Plaza Realty Investors v. Aponte
This text of 198 A.D.2d 164 (Plaza Realty Investors v. Aponte) is published on Counsel Stack Legal Research, covering Appellate Division of the Supreme Court of the State of New York primary law. Counsel Stack provides free access to over 12 million legal documents including statutes, case law, regulations, and constitutions.
Opinion
—Order and judgment (one paper), Supreme Court, New York County (Carol Huff, J.), entered March 31, 1992, which dismissed a proceeding brought pursuant to CPLR article 78 challenging civil penalties imposed by respondent Division of Housing and Community Renewal upon petitioner, after a hearing, for failure to comply with two orders of the District Rent Administrator, unanimously affirmed, without costs.
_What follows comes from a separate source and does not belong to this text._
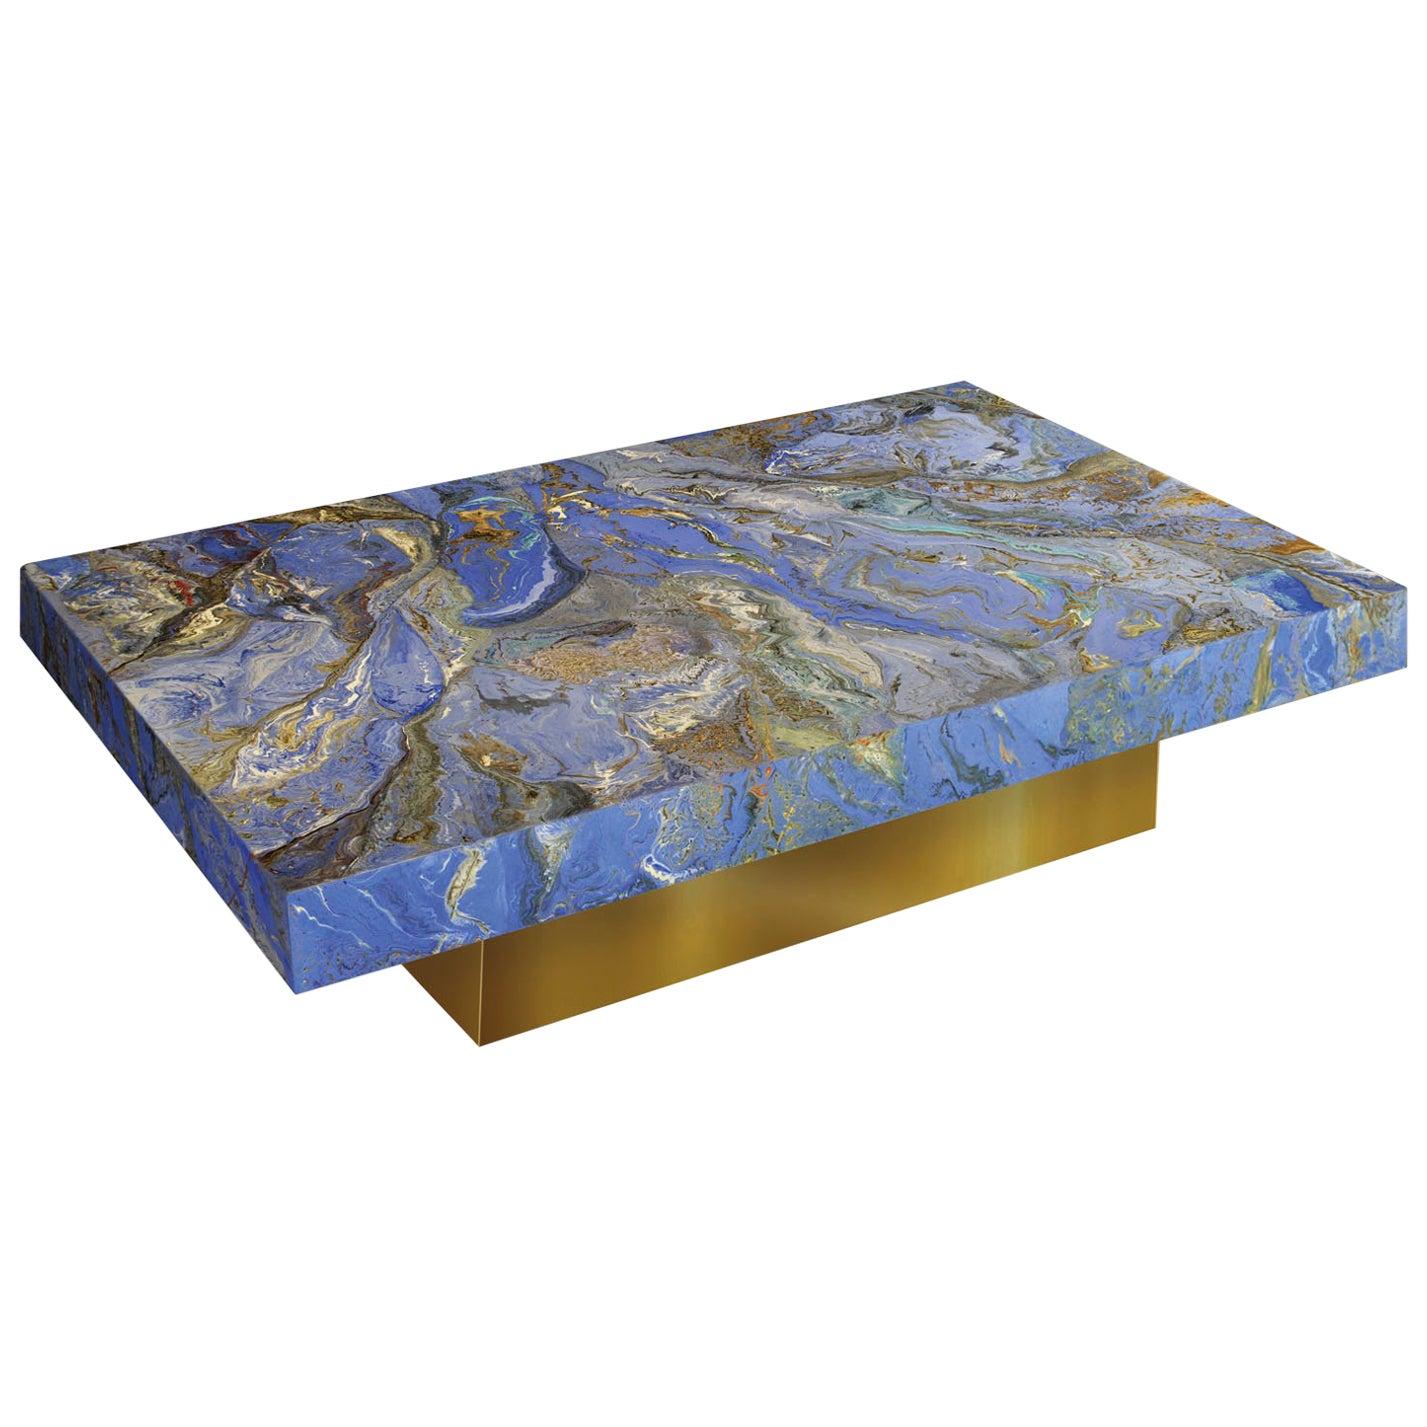 Cobalt  blue Coffee Table  Marbled Scagliola Decoration Gold Leaf Wooden Base

Petitioner’s argument that respondent’s order raises and determines issues of service reductions not contained in the tenant’s original complaint is an improper collateral attack upon the District Rent Administrator’s 1987 order that should have been raised in a timely filed petition for administrative review (see, Matter of Frankel Realty Co. v New York State Div. of Hous. & Community Renewal, 176 AD2d 617, lv denied 79 NY2d 754). Nor did respondent abuse its power to impose a civil penalty under Rent Stabilization Law (Administrative Code of City of NY) § 26-516 (c) (1) by multiplying the $250 maximum penalty for a first offense by the number of violations and then again by the number of years that the violations remained outstanding (see, supra).
We have considered petitioner’s other arguments and find them to be without merit. Concur — Sullivan, J. P., Rosenberger, Ross, Asch and Rubin, JJ.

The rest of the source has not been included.